#sum_(n=1)^oo sin(n)/(n!)# How would i find if it converges or diverges?

Note that the function #sin(n)# oscillates in between #-1lt=sin(n)<=1#. This means that when #sin(n)# is multiplied by a function, its absolute value will be less than or equal to the original function.

In this situation, we see that #abs(sin(n)/(n!))<=1/(n!)#.

By the direct comparison test, if we can show that #1/(n!)# is a convergent series, then #sin(n)/(n!)# will be a convergent series as well since it's less than (or equal to) #1/(n!)#.

We can test the behavior of #sum_(n=1)^oo1/(n!)# using the ratio test.

#lim_(nrarroo)abs((1/((n+1)!))/(1/(n!)))=lim_(nrarroo)abs((n!)/((n+1)!))=lim_(nrarroo)abs(1/(n+1))=0#

Since #lim_(nrarroo)abs(a_(n+1)/(a_n))=0<1#, we know that #sum_(n=1)^oo1/(n!)# is convergent.

Then, as shown before, #sum_(n=1)^oosin(n)/(n!)# is also convergent through the direct comparison test.

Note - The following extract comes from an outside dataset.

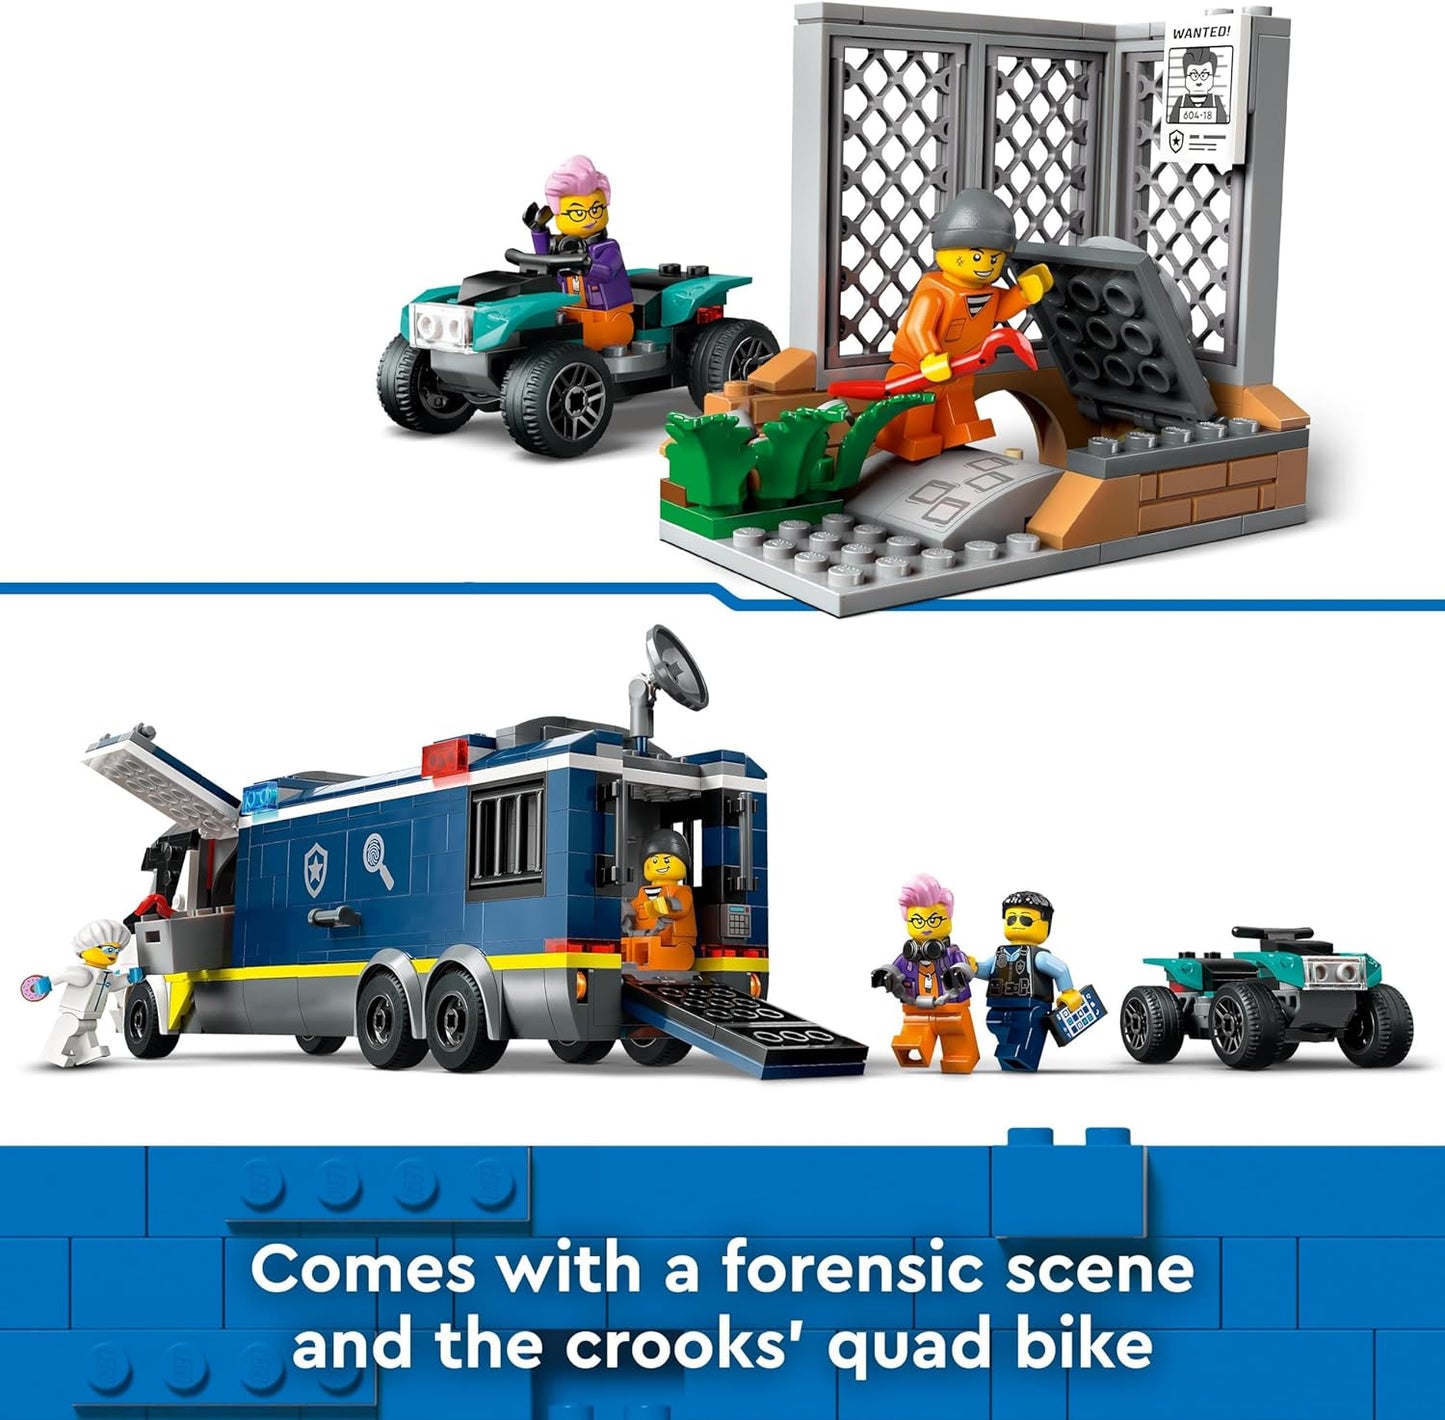 LEGO Brinquedo de caminhão de laboratório criminal móvel da polícia da cidade para meninos, meninas e crianças de 7 anos ou mais, conjunto de veículos com quadriciclo, 2 oficiais, 1 cientista e 2 minifiguras de bandido para brincadeiras

To determine if the series \( \sum_{n=1}^\infty \frac{\sin(n)}{n!} \) converges or diverges, you can use the Ratio Test. The Ratio Test states that for a series \( \sum_{n=1}^\infty a_n \), if \( \lim_{n \to \infty} \left|\frac{a_{n+1}}{a_n}\right| < 1 \), then the series converges; if \( \lim_{n \to \infty} \left|\frac{a_{n+1}}{a_n}\right| > 1 \), then the series diverges; and if \( \lim_{n \to \infty} \left|\frac{a_{n+1}}{a_n}\right| = 1 \), the test is inconclusive. Applying the Ratio Test to the given series, we have: \[ \lim_{n \to \infty} \left|\frac{a_{n+1}}{a_n}\right| = \lim_{n \to \infty} \left|\frac{\frac{\sin(n+1)}{(n+1)!}}{\frac{\sin(n)}{n!}}\right| = \lim_{n \to \infty} \left|\frac{\sin(n+1)}{\sin(n)} \cdot \frac{n!}{(n+1)!}\right| \] Simplify this expression and take the limit. If the limit is less than 1, the series converges; if it's greater than 1, the series diverges; if it's equal to 1, the test is inconclusive.